XGBoost [1] is an open-source software library that provides the gradient boosting framework for C ++ , Java , Python , [2] R , [3] and Julia . [4] It works on Linux , Windows , [5] and macOS . [6] From the project description, it aims to provide a “Scalable, Portable and Distributed Gradient Boosting (GBM, GBRT, GBDT) Library”. Other than running on a single machine, it also supports the distributed processing frameworksApache Hadoop , Spark Apache , and Apache Flink . It has gained much popularity and attention recently as it was the algorithm of choice for… More →

Virtuoso Universal Server

Virtuoso Universal Server is a middleware and database engine that combines the functionality of a traditional Relational Database Management System (RDBMS), object-relational database (ORDBMS), virtual database , RDF , XML , free-text , web application server and file server functionality in a single system. Virtuoso is a “universal server”; it allows a single multithreaded server processthat implements multiple protocols. The open source edition of Virtuoso Universal Server is also known as OpenLink Virtuoso . The software has-been developed by OpenLink Software with Kingsley Uyi Idehen and Orri Erling as the chief software architects .

Apache Spark

Apache Spark is an open-source cluster-computing framework . Originally Developed at the University of California, Berkeley ‘s AMPLab , the Spark codebase Was later Donated to the Apache Software Foundation , qui HAS maintained it since. Spark provides an interface for full programming with implicit data parallelism and fault tolerance .

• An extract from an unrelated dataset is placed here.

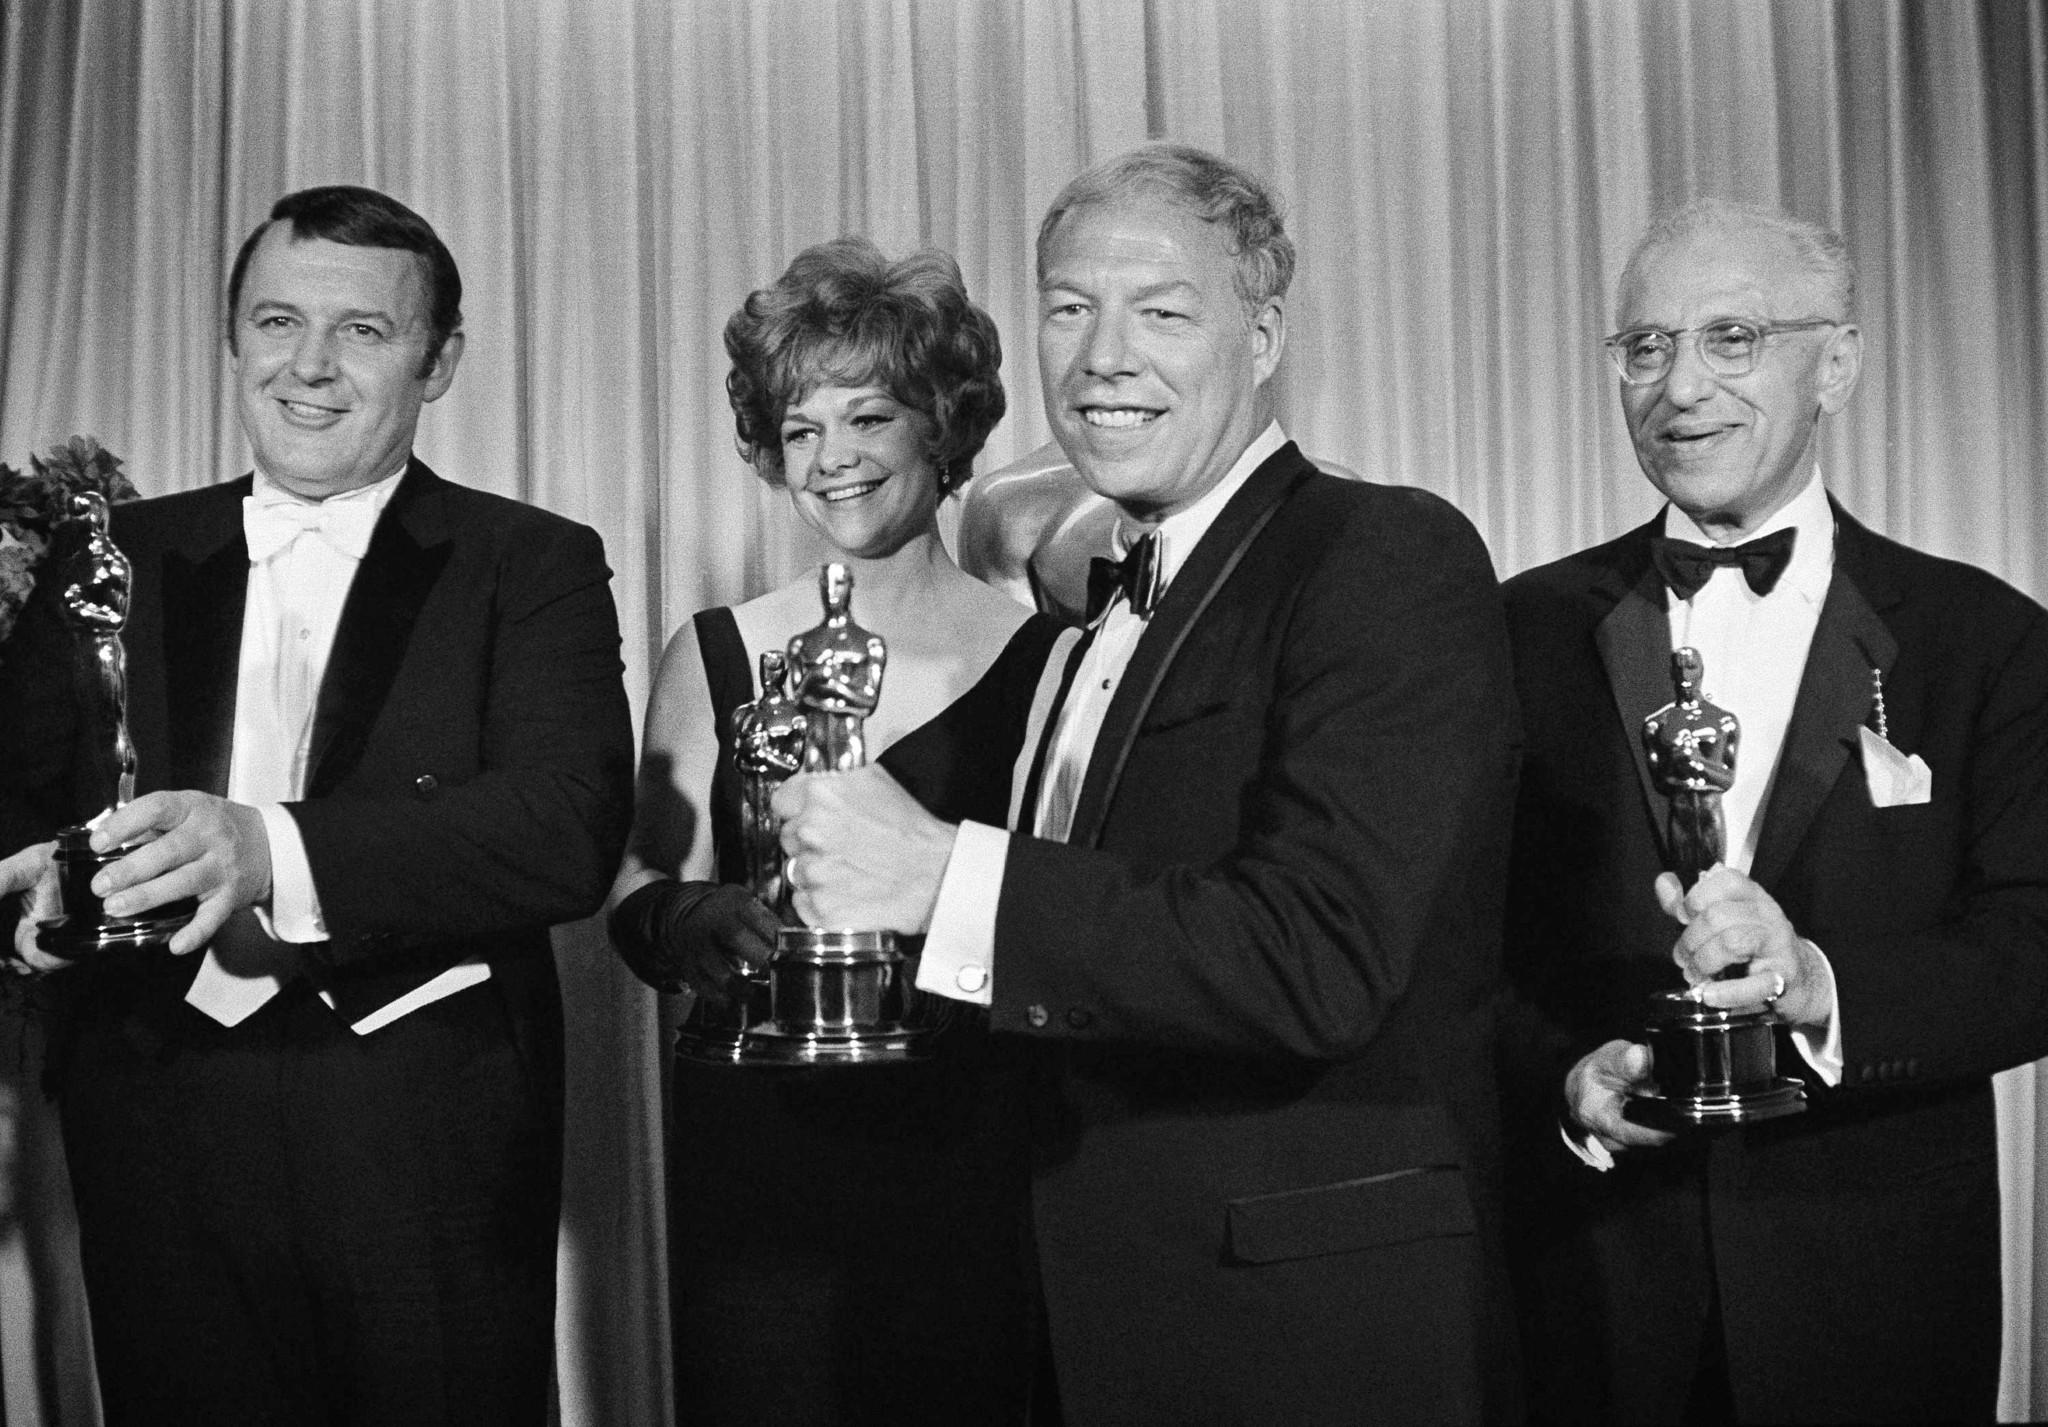 Oscar winner George Kennedy, Naked Gun actor dies at 91

SAP HANA is an in-memory , column-oriented , relational database management system developed and marketed by SAP SE . [1] [2] Its primary function is a database server and is retrieved as requested by the applications. In addition, it Performs advanced analytics ( predictive analytics , spatial data processing , text analytics, text search, streaming analytics , graph data processing ) and includes ETL capabilities as well as an Application Server .


Qizx is a proprietary XML database that provides native storage for XML data. Qizx was first developed by Xavier Franc of Axyana [1] and was purchased by Qualcomm in 2013. [2] Qizx was re-released by Qualcomm in late 2014 on Amazon Web Services . [3]

Oracle NoSQL Database

Oracle NoSQL Database is a NoSQL -type distributed key-value database from Oracle Corporation . [1] [2] [3] [4] It provides transactional semantics for data manipulation, horizontal scalability, and simple administration and monitoring.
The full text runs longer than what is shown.